Dividend Payouts: Free Money for Investors

By Bob Creed, Financial Research Associate, The Oxford Club

Dividend Investing

Managing Editor’s Note: Today’s article outlines how you can use a dividend reinvestment strategy to jump-start your income portfolio. If you follow Marc’s work in The Oxford Income Letter, you may be familiar with this technique… It’s the core idea behind his Compound Income Portfolio.

Already know the basics of dividend investing? Learn how you can turn that knowledge into a retirement business that can net you thousands every month – like clockwork – by clicking here.


It’s no secret: People love free stuff.

Whether it’s a book, magazine or T-shirt… getting something for free just makes people feel good.

And collecting “free money” may just be the best feeling of all.

That’s precisely what dividend payouts are for investors. And the chart below shows just how meaningful that “free money” can be to your portfolio.

Dividends are a great way to increase your income or jump-start your equity gains. Plus, they can help you reach your retirement goals.

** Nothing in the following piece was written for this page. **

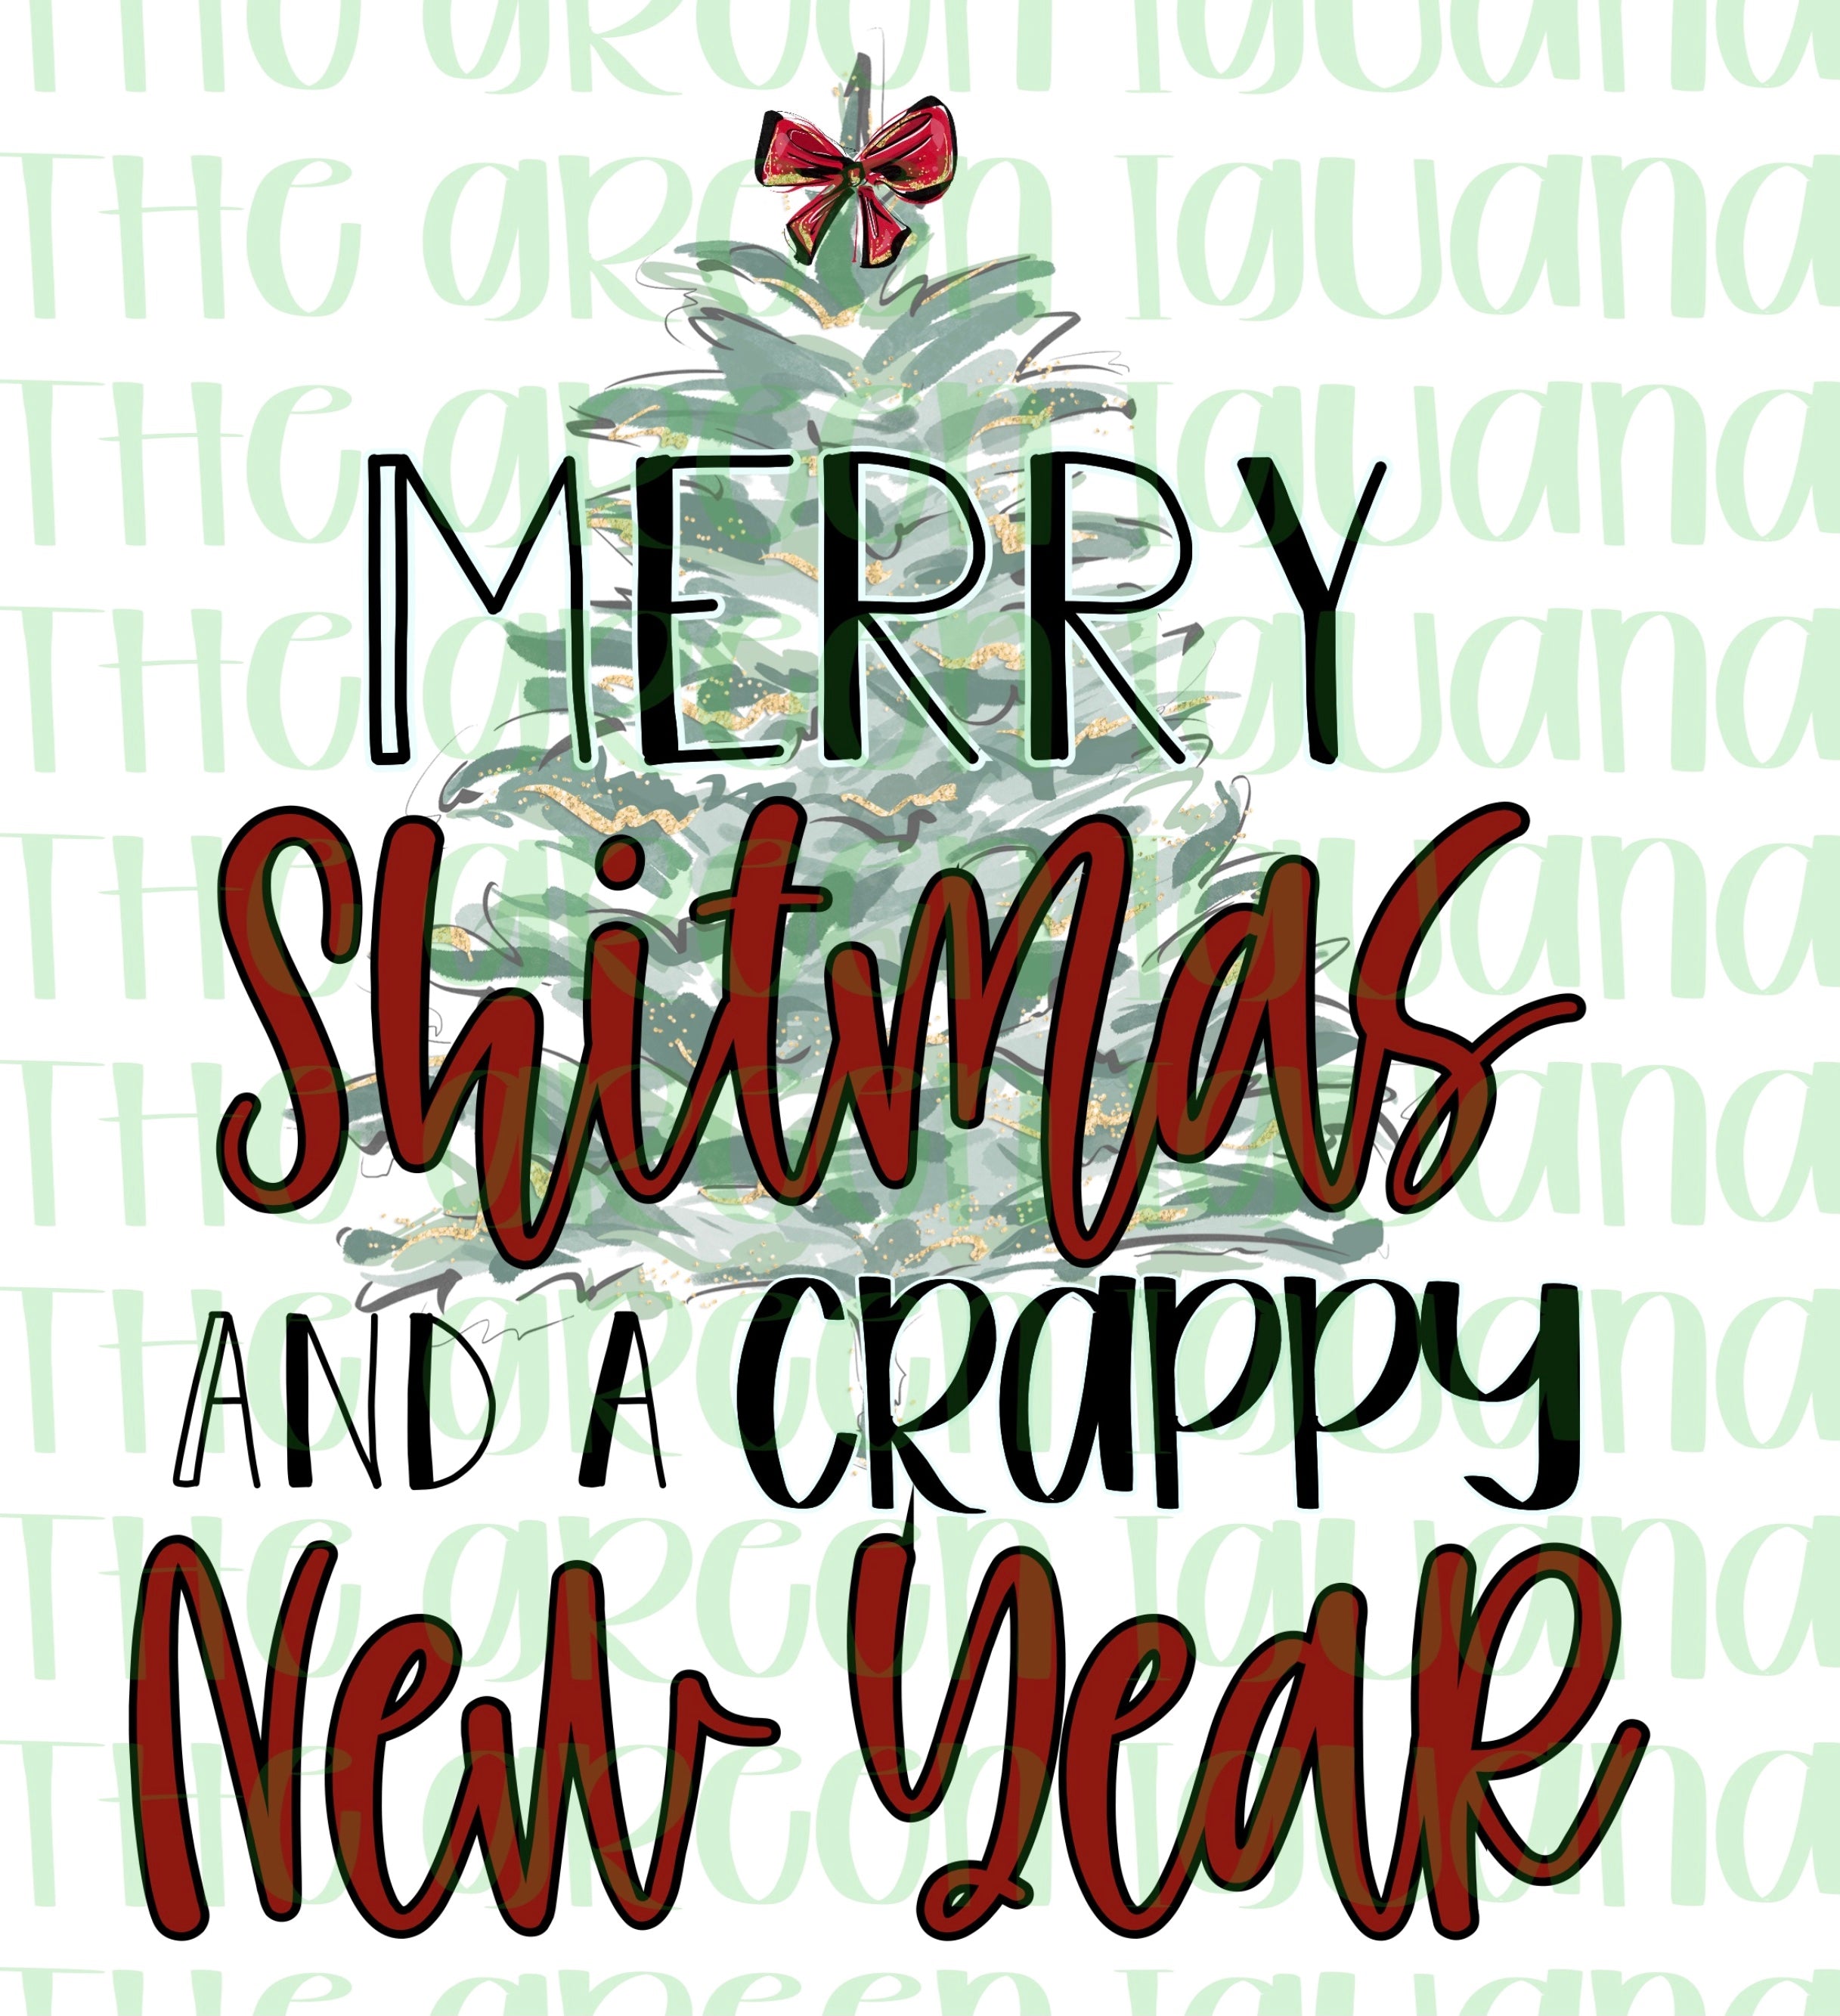 Merry shitmas and a crappy new year - DIGITAL
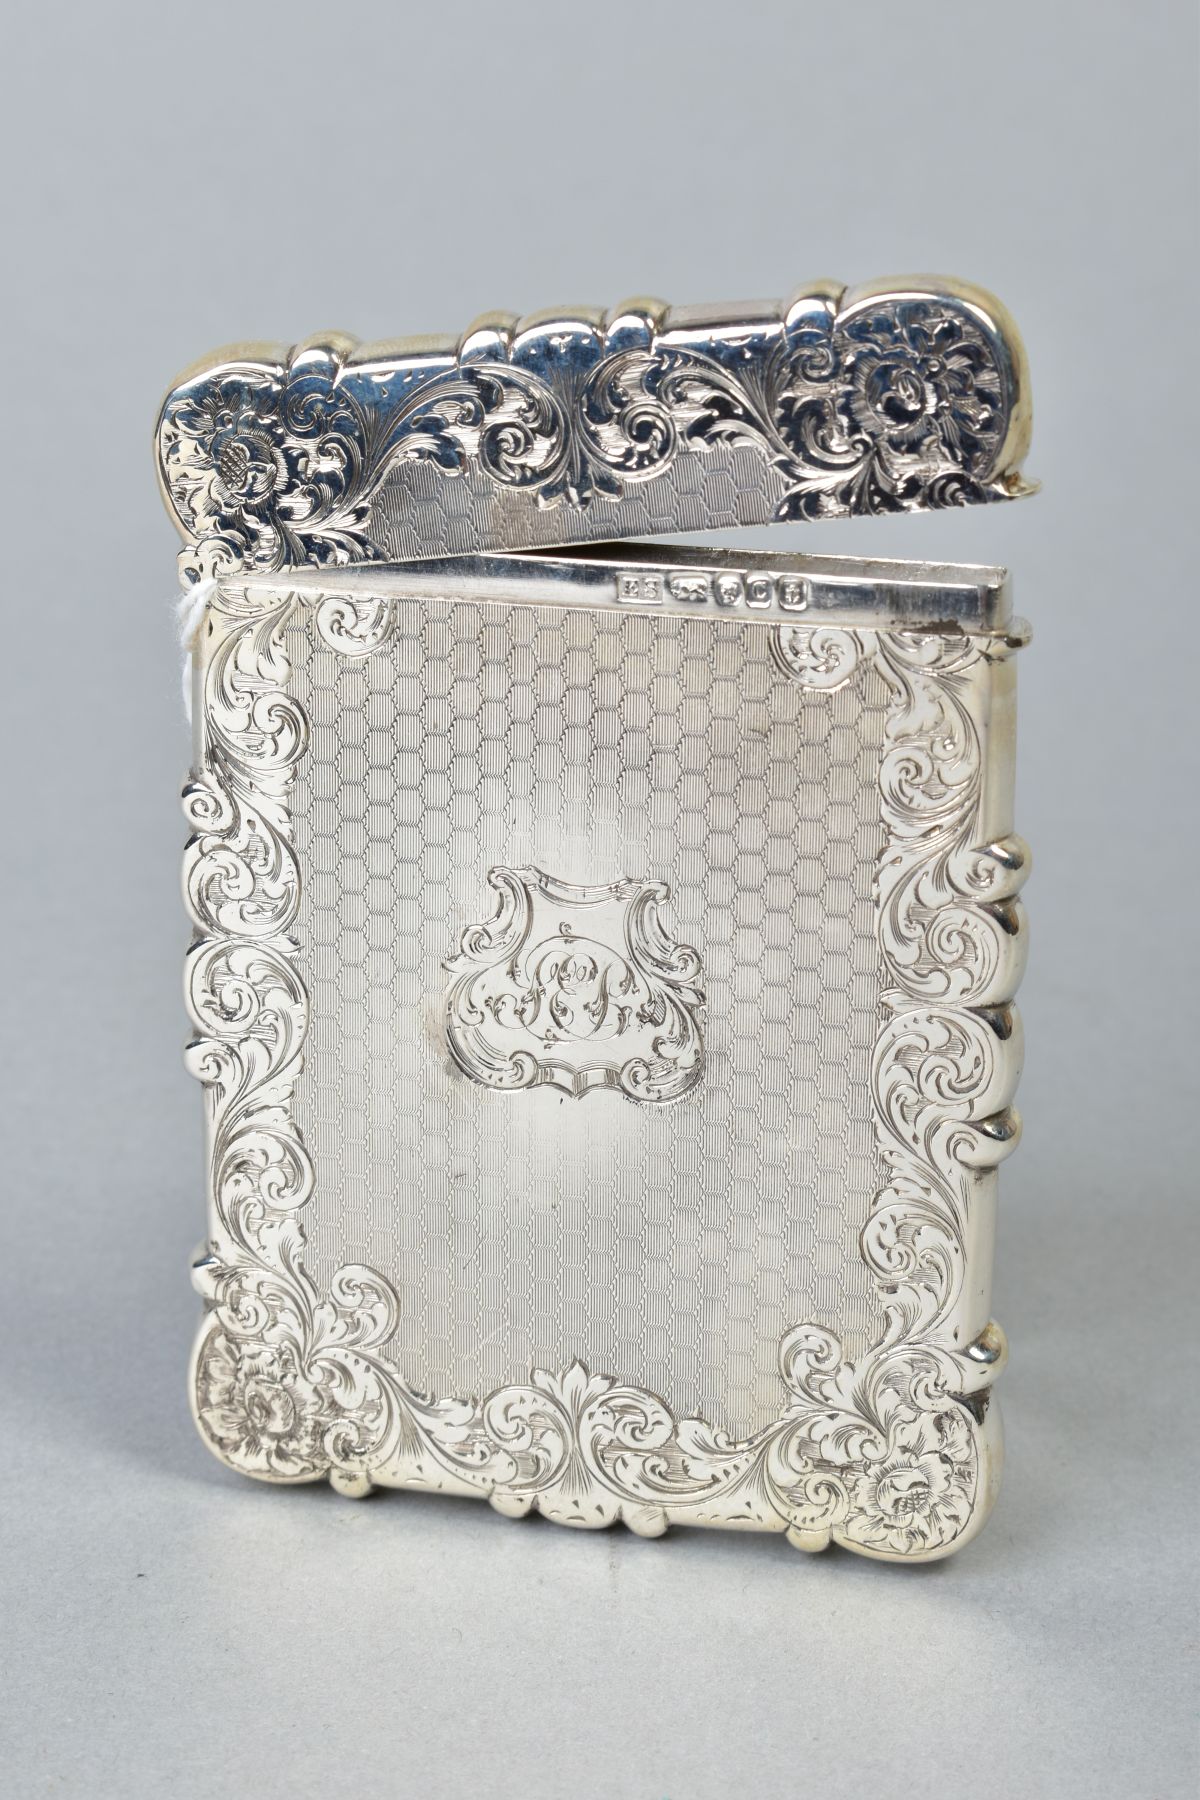 A MID VICTORIAN SILVER CARD CASE OF WAVY RECTANGULAR OUTLINE, foliate engraved and engine turned

I’m not saying your portfolio should include only dividend-paying stocks. But you should be holding a fair share of them.

Why? Because dividend-paying stocks can exponentially grow returns – especially if you’re reinvesting those dividend payouts.

Dividends can turn an underperforming stock into one of your portfolio’s biggest gainers.

We used Omega Healthcare Investors (NYSE: OHI) as an example for the chart above.

If you had purchased 100 shares of Omega back in February 2007, you would be sitting on a nice 10-year return.

Just the price change alone, during that time frame, would have given you an 80.93% gain. Plus, you would have received $1,686 in dividends.

In all, you would be sitting on a gain of 174.39%, or $3,146 (not including your initial investment).

That’s not a bad return.


But if you had reinvested those dividend payouts, you would instead be sitting on a 257.55% return, or $4,646.25 (not including your initial investment).

Now that would be a return worth bragging to your friends about.

Plus, reinvesting dividends allows you to continue to increase your holding. During this 10-year period, you would have purchased an additional 97 shares, basically doubling your initial holding.

And you did all of this without spending any money out of pocket. You just took advantage of the dividend payouts or “free money” that you received.

Even better… with dividend-paying stocks, a fall in stock price can actually be a good thing. It will let you reinvest the dividends at an even lower price to accrue even more shares.

Not surprisingly, these income-generating assets have become increasingly popular in recent years. That’s why our own Chief Income Strategist, Marc Lichtenfeld, has a monthly newsletter that focuses almost exclusively on them.

At the moment, his Oxford Income Letter subscribers are enjoying many double- and triple-digit gains… all thanks to this simple, low-risk strategy.

Just remember: The sooner you start reinvesting your dividends, the bigger your eventual return will be.